Citations in the Key of RAG

A Problem

What are some ways I can implement source citations in my RAG chatbot?

A slackbot answering a user query and displaying its sources

Or: here’s-a-bunch-of-things-I-tried-and-kinda-worked

The Context

  • You should already have some baseline familiarity of building a “RAG” system. Acknowledging that “RAG” is, like just about everything else, a very overloaded term right now, I’m defining “RAG” as: semantic cosine similar search over a vector database (pgvector).
  • You’re building a “chat with your docs” chatbot, at a relatively small scale. This particular example will use:
    • Slack Bolt framework
    • Typescript / AI SDK
    • OpenAI provider

A chatbot is pretty simple to implement. It’s just an API call to OpenAI. For “RAG”, give it access to a tool that exposes the data. Run that in a “loop”. Let it call the tool to search as it needs. Then return the response to the user. The LLM reads the content returned from the knowledge base tool and determines the answer.

For example:

   "What's our return policy?"
                |
                v
          +------------+
          |    LLM     |
          +------------+
                |
                v
      searches knowledge base
                |
                v
   +--------------------------------------+
   | Similar documents (3)                |
   | • slop.md#returns (Chunk 12)     |
   |   "...Returns accepted within 30..." |
   | • faq.md#refunds    (Chunk 3)        |
   |   "...Refund period is 30 days..."   |
   | • slack-thread#915 (Chunk 1)         |
   |   "...Escalations contact ops..."    |
   +--------------------------------------+
           |                    |
           | relevant chunks    | ignored chunk
           v                    v
   +------------------+      +----------------+
   | Chunk 12 content |      | Chunk 1 ignored|
   +------------------+      +----------------+
           |
           v
      LLM ingests
           |
           v
   "Our return policy is 30 days."
         (cites handbook.md#returns, faq.md#refunds)

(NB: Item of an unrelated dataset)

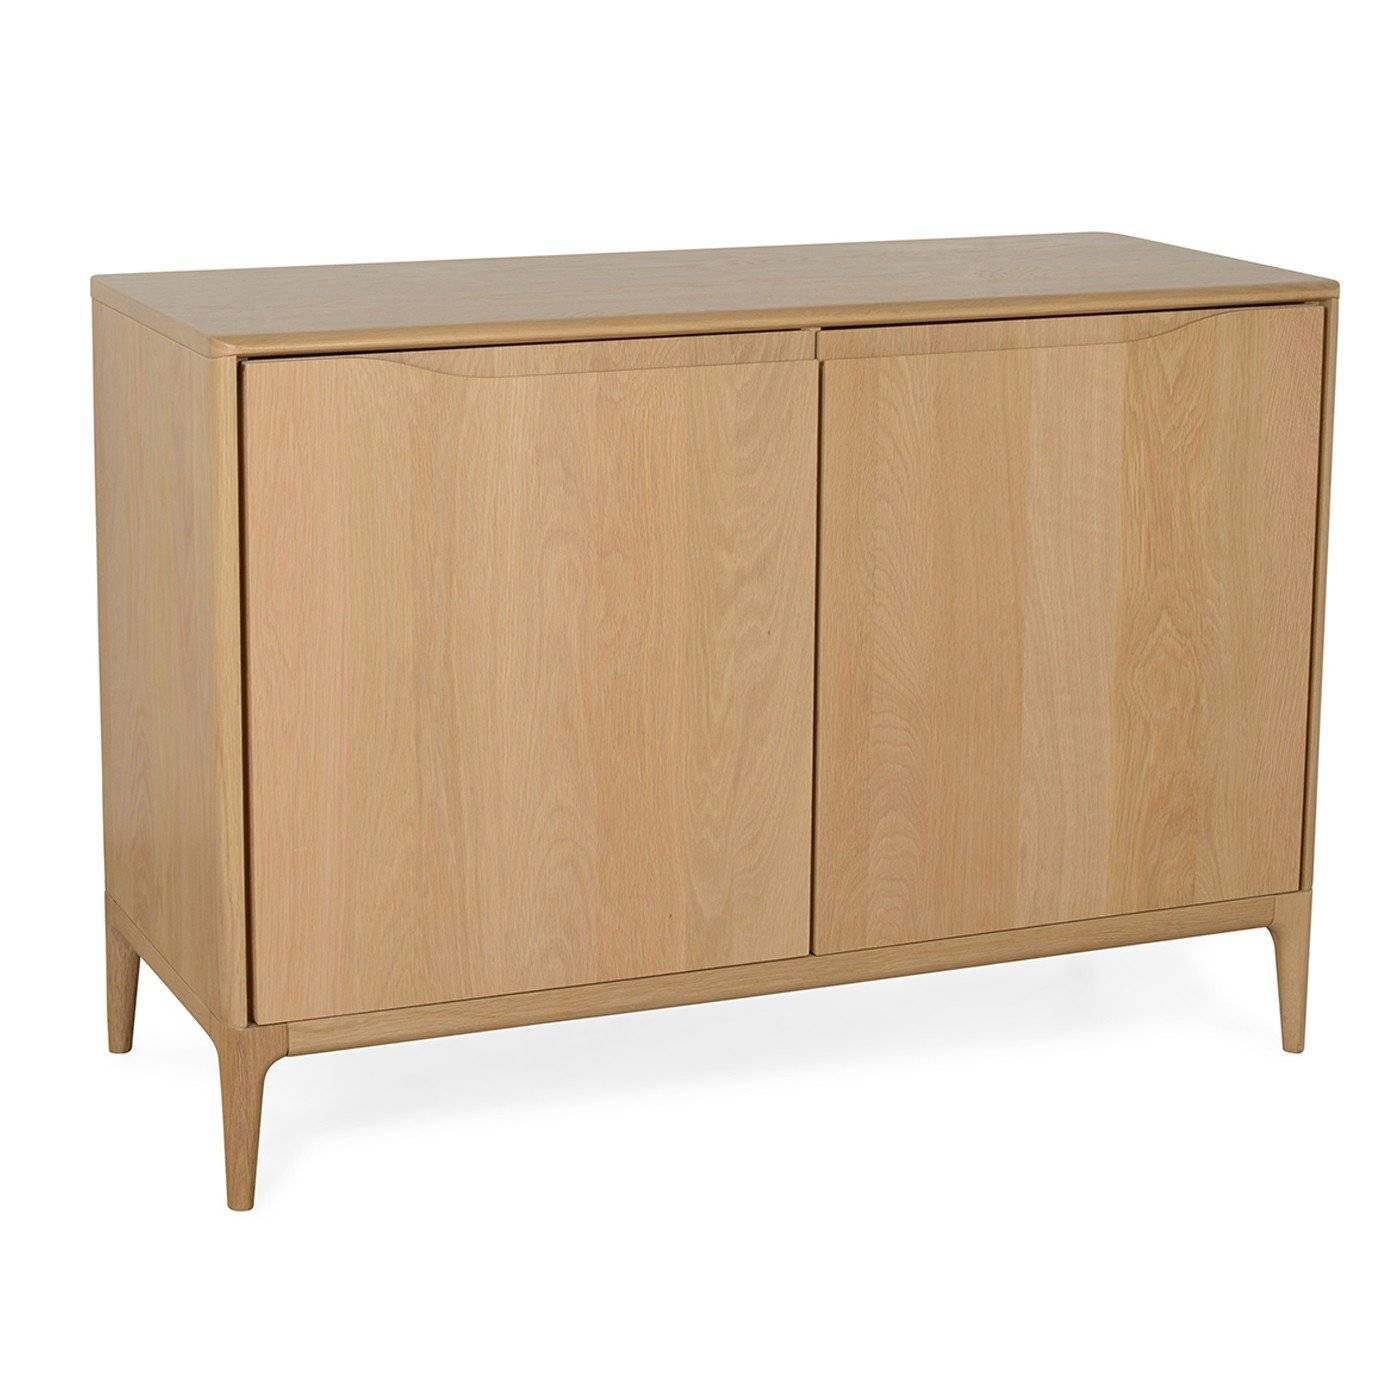 Designer Sideboards | Modern & Contemporary Sideboards | Heal's With Regard To Small Sideboard Cabinet (View 17 of 20)
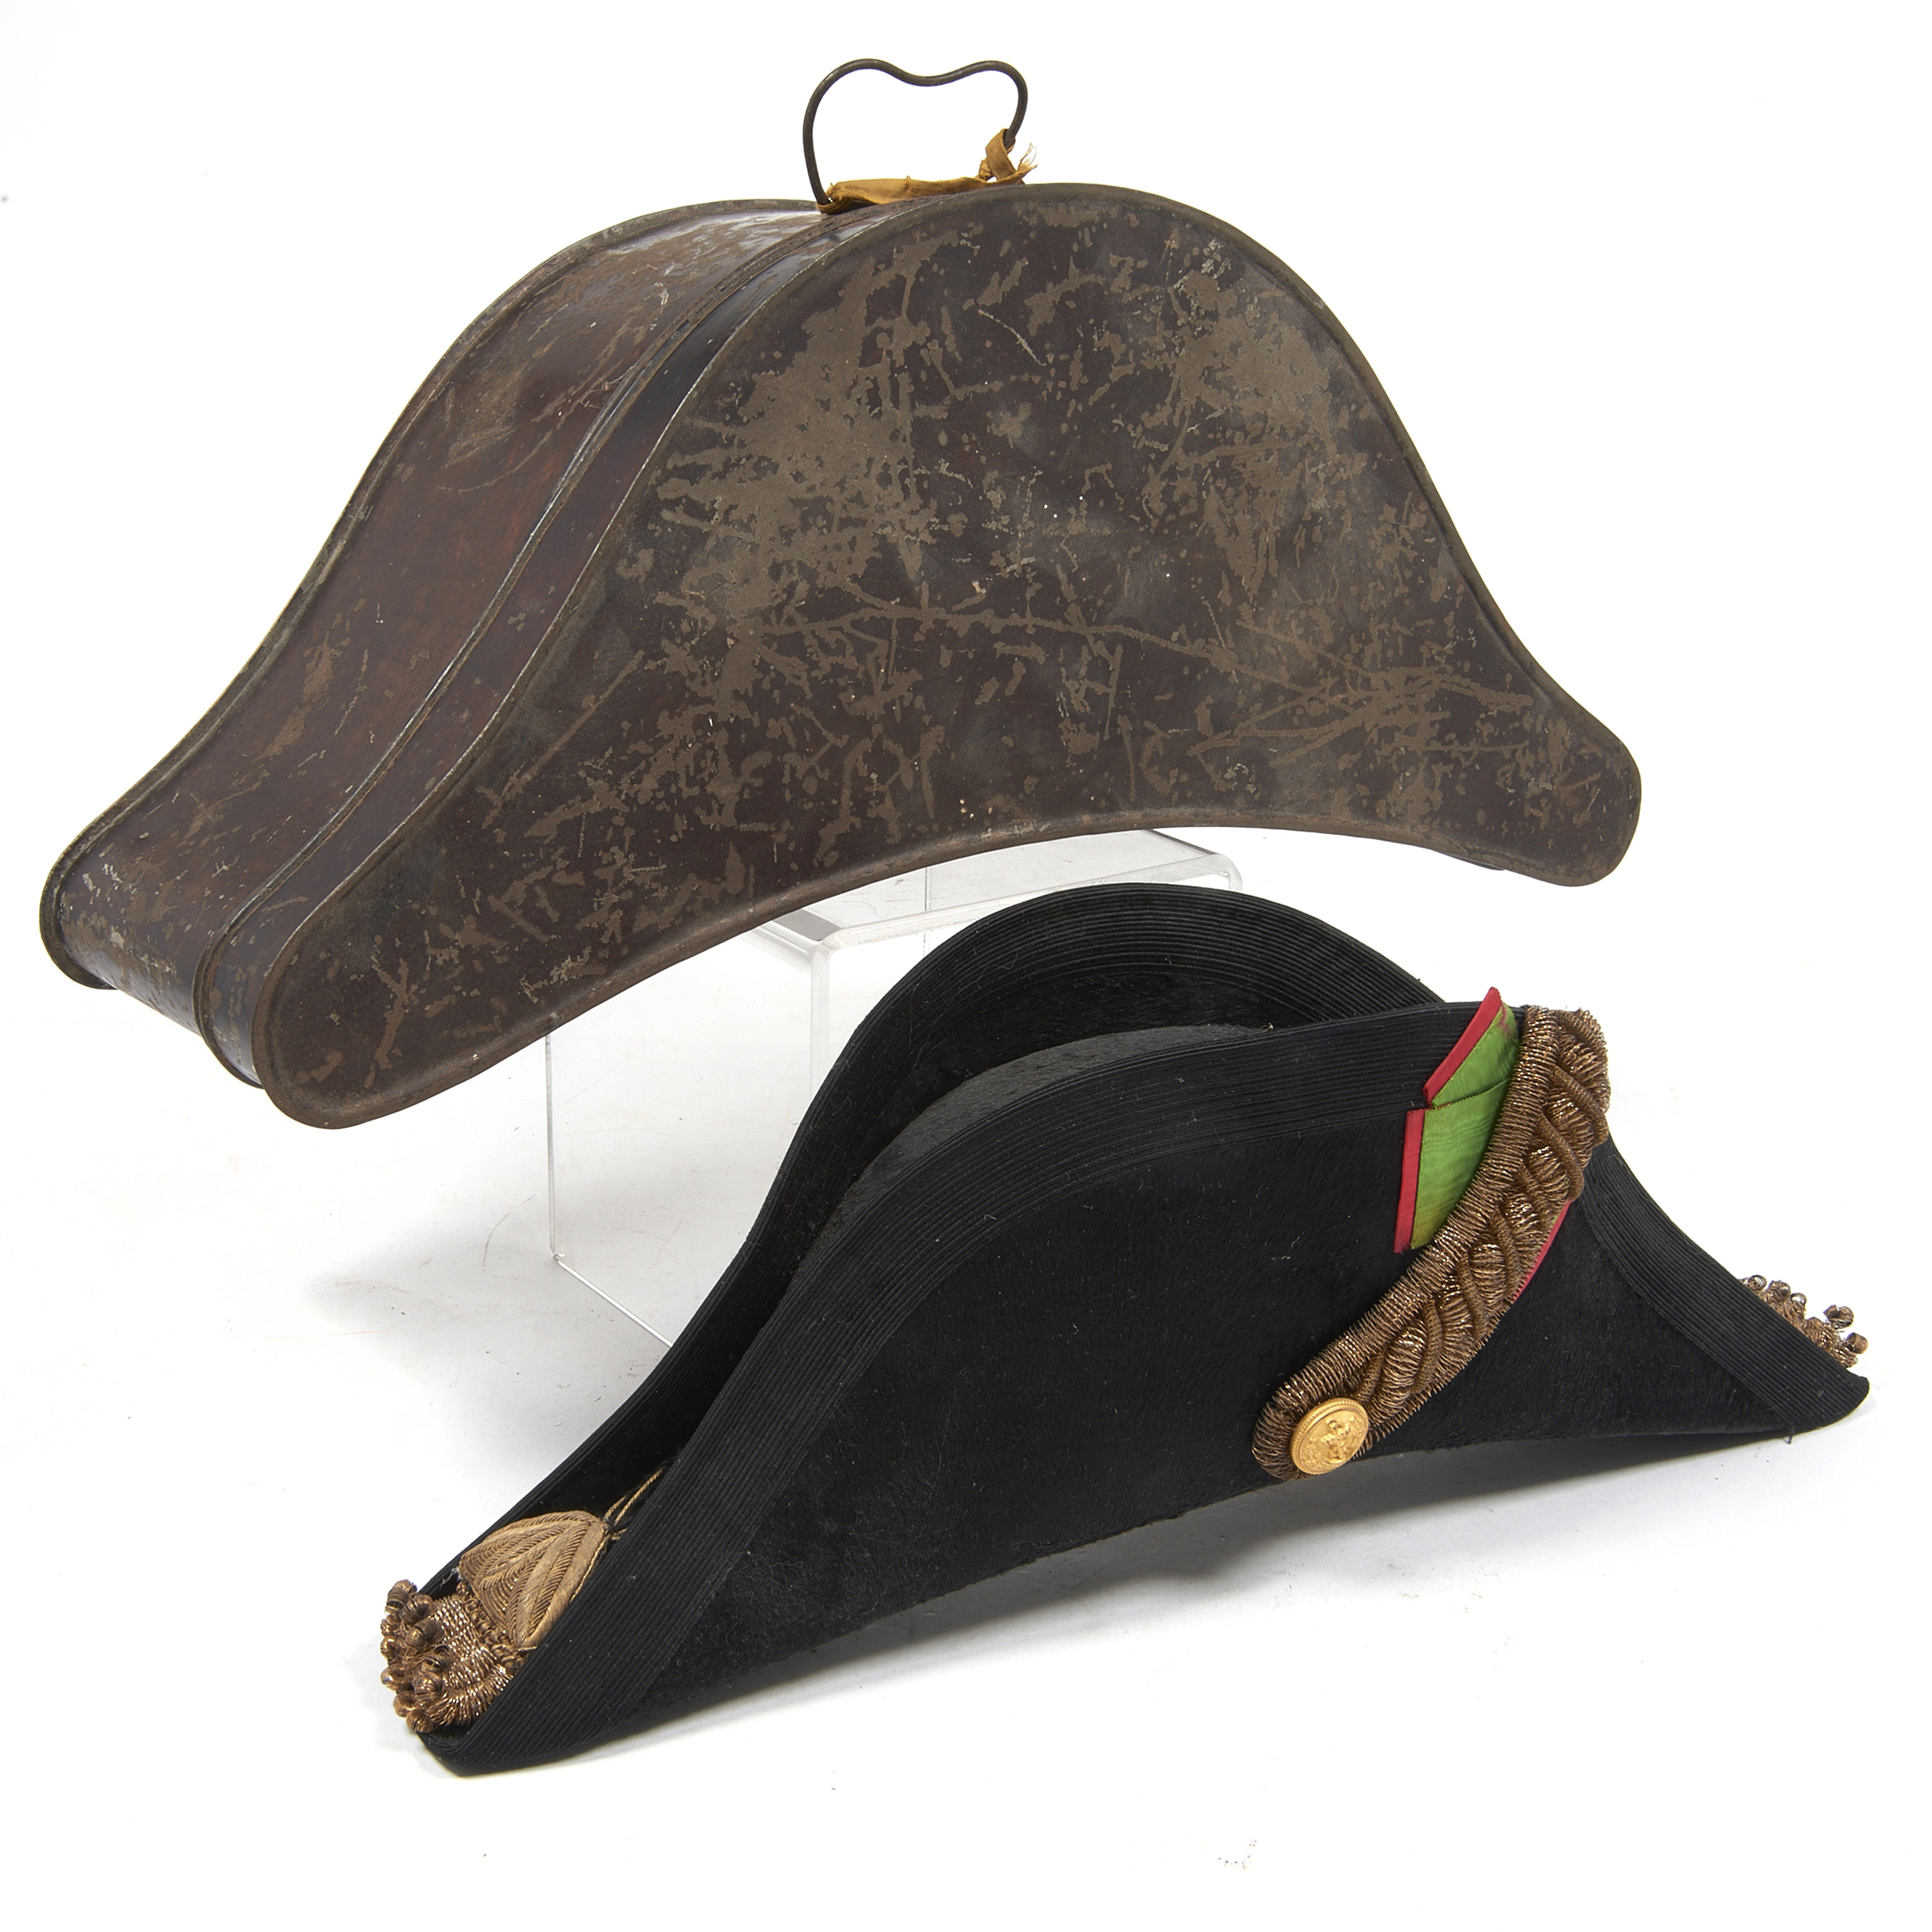 A PORTUGUESE NAVAL OFFICER BICORN HAT

The challenge: but how do you accurately identify which documents were actually used vs. which were just retrieved?

while also working within the forces and constraints:

  • Budget - the agent has to be as low cost as possible, meaning the dumbest, cheapest, model
  • Latency - while also being as fast as possible
  • and accurate
  • and a UX that doesn’t suck

The Naive Approach

The obvious first attempt: show all documents returned by the vector search.

The issue is that the retrieval step often returns 3-5 documents based on semantic similarity. But the LLM might:

  • Use only 1-2 of those documents to answer the question
  • Find that none of the documents contain the answer and respond “I don’t have that information”
  • Use parts of some documents but ignore others

If you show all retrieved documents as “sources,” you’re not being honest. The user experience looks like “I’m sorry, I can’t find any information about the return policy. Sources: Unrelated Document 1, Unrelated Document 2, Unrelated Document 3”

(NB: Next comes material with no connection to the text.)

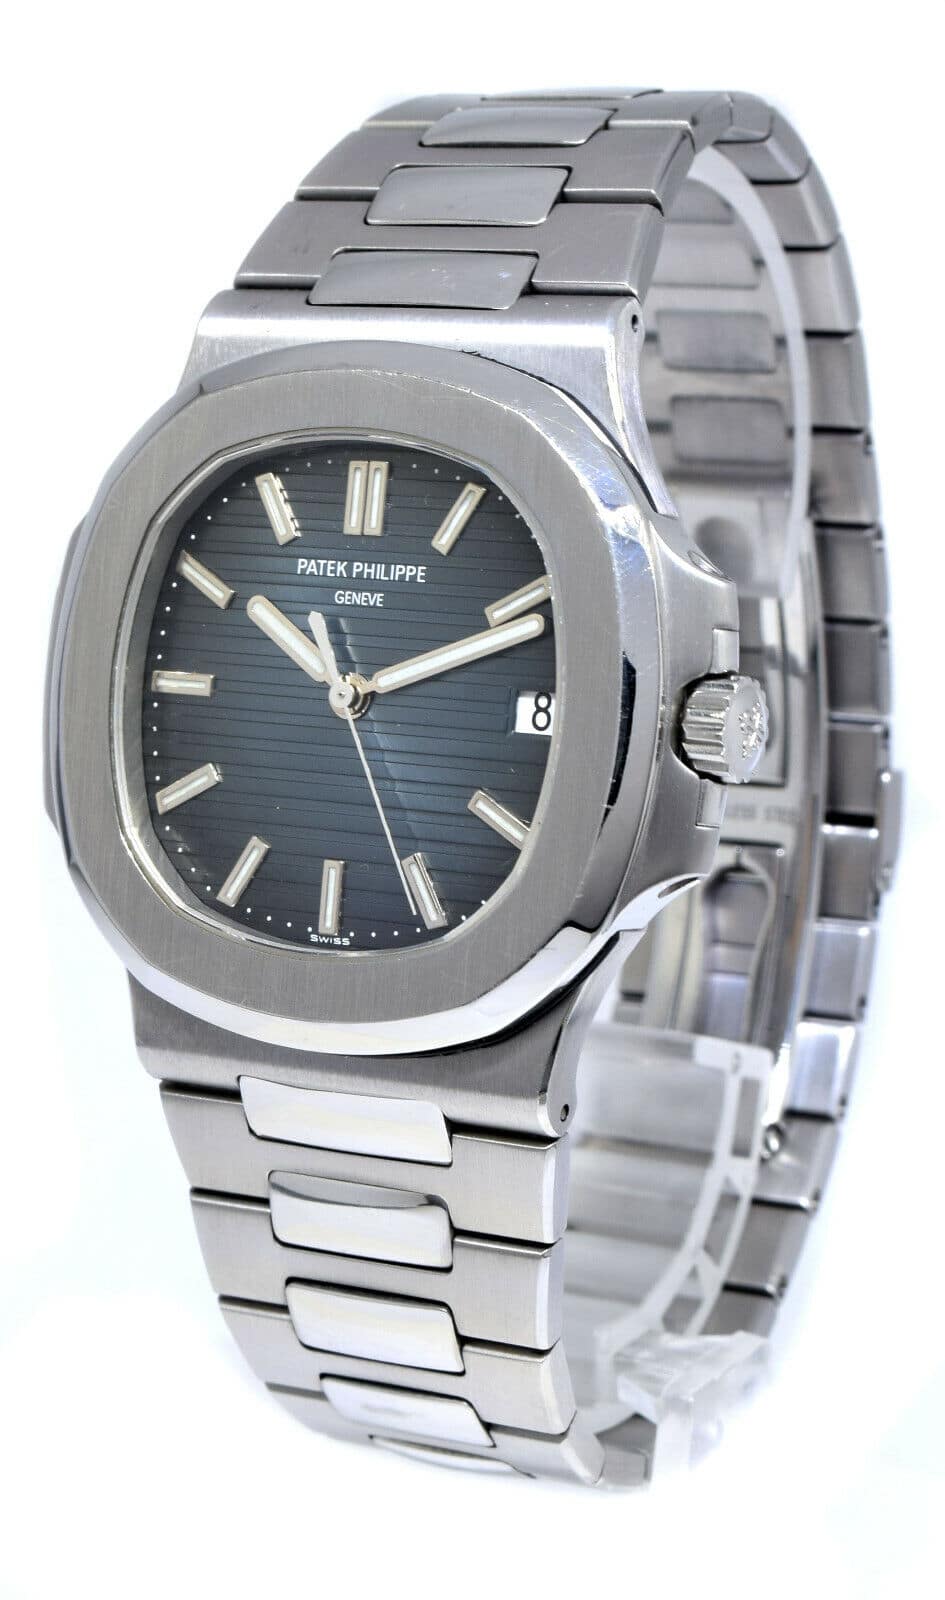 Patek Philippe Nautilus Stainless Steel Blue Dial Watch B/P '08 5711/1A-010  - Jewels in Time

What we need: A way to identify which specific documents the LLM actually used when generating its response, not just which documents we retrieved.

The Core Challenge

The LLM needs to see both the question AND the tool results (the retrieved documents) to accurately determine which sources informed its answer. You can’t just look at the final answer text and extract citations—there’s no way to know which documents were used without seeing them in context.

This means whatever solution we build needs to happen during the agent loop, not after.

In order to display this data in a pretty manner in the slack API, we also need a simple JSON structure:

	{
		response: "the actual response the user sees",
		sources: [ "Source 1", "Source 2" ]
	}

To recap the problem for the 30th time: how can we extract structured data from an LLM response that used tool calling.

Attempt 1: XML Tags

The approach: Prompt engineering. Have the LLM output <source> XML tags inline with the response, then parse them. Beg it to output the sources.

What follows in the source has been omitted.